Items from a dataset:
<<<<

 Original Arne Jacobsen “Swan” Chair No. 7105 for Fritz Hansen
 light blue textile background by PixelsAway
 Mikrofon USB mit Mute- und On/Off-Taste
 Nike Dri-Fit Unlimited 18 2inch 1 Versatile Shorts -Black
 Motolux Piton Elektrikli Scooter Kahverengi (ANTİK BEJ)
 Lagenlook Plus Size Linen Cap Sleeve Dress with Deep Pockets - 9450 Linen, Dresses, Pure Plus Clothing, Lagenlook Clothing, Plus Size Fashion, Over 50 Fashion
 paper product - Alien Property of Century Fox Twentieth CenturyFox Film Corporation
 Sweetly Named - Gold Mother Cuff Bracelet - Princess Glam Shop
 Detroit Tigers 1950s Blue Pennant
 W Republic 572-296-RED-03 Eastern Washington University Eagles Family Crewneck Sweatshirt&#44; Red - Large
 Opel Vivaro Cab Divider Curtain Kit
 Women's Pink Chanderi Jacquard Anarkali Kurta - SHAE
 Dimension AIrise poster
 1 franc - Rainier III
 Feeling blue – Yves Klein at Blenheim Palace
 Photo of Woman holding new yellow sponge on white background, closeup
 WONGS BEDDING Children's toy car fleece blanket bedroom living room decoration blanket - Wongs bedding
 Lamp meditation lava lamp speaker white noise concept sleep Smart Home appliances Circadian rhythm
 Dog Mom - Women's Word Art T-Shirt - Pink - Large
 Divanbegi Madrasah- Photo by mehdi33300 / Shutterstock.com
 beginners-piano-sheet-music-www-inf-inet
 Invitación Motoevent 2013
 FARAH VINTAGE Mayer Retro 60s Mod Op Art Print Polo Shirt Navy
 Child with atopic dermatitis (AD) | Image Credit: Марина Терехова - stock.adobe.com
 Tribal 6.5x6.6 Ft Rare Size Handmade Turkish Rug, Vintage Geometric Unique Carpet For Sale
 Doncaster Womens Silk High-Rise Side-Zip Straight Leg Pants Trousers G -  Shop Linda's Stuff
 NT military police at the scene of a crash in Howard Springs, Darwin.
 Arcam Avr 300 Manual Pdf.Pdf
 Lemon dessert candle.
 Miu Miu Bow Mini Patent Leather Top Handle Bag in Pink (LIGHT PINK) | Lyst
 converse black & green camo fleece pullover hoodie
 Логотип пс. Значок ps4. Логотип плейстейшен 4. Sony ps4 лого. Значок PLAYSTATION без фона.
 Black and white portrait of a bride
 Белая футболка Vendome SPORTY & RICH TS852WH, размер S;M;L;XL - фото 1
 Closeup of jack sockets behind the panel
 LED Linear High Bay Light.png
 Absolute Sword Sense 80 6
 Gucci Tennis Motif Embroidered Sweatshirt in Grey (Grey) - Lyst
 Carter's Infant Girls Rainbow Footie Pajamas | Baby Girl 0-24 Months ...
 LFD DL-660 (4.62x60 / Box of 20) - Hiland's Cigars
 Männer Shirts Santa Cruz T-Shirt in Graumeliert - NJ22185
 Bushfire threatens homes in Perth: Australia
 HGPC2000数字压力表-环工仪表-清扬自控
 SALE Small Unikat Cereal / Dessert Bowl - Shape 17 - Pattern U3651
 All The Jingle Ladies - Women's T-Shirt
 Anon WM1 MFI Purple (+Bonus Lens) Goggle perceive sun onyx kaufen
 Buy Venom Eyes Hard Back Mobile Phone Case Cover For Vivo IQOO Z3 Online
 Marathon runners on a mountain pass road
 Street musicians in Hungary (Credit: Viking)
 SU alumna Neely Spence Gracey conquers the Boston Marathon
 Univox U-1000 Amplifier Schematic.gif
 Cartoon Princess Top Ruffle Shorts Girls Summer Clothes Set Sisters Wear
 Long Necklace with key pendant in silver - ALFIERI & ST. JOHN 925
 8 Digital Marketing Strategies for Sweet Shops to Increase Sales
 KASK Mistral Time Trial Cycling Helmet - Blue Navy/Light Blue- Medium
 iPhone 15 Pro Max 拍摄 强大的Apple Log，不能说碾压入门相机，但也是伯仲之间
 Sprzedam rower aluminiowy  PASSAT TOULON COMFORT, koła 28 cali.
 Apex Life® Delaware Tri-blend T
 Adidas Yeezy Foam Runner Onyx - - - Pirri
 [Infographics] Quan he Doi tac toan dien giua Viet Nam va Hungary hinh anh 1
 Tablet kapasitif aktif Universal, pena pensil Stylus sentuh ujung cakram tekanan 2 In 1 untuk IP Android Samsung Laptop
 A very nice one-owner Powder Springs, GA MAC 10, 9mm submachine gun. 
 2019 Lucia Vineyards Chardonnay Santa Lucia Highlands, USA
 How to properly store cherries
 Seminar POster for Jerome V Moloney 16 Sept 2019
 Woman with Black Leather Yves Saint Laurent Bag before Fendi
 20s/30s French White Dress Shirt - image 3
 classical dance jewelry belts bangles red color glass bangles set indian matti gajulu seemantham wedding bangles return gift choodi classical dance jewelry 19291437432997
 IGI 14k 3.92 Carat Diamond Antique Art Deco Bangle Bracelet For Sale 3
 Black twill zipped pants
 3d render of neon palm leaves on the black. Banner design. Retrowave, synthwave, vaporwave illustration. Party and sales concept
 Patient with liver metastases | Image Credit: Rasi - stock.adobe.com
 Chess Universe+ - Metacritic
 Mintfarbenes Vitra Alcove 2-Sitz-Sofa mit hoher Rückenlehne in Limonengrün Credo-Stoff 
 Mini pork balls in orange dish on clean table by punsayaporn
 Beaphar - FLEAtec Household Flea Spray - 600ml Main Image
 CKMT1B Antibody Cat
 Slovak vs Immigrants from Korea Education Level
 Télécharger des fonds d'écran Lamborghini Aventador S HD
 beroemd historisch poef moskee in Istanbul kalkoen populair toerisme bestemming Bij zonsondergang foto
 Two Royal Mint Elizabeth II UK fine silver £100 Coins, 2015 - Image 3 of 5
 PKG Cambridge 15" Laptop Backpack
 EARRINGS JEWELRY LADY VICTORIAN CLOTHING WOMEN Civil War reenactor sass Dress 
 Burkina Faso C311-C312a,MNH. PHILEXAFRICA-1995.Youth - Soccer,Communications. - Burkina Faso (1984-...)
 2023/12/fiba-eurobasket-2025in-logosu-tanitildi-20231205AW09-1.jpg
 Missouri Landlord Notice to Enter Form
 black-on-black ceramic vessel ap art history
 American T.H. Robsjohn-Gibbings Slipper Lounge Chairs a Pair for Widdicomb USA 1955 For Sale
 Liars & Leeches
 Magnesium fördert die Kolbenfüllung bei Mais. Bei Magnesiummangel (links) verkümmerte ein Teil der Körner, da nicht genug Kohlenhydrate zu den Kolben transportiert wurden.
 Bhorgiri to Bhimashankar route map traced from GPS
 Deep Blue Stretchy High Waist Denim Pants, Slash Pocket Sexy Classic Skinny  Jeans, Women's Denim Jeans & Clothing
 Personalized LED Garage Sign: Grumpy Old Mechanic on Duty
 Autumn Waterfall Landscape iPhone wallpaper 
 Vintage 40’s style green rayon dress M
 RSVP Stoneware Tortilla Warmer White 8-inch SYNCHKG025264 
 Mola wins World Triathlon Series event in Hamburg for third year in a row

>>>>

What needs to be done>
Give back, exactly as written, the stretch from the line with "LFD DL-660 (4.62x60" through the line with "All The Jingle Ladies - Women's T-Shirt", and no other lines from the records above.

Task solution>
 LFD DL-660 (4.62x60 / Box of 20) - Hiland's Cigars
 Männer Shirts Santa Cruz T-Shirt in Graumeliert - NJ22185
 Bushfire threatens homes in Perth: Australia
 HGPC2000数字压力表-环工仪表-清扬自控
 SALE Small Unikat Cereal / Dessert Bowl - Shape 17 - Pattern U3651
 All The Jingle Ladies - Women's T-Shirt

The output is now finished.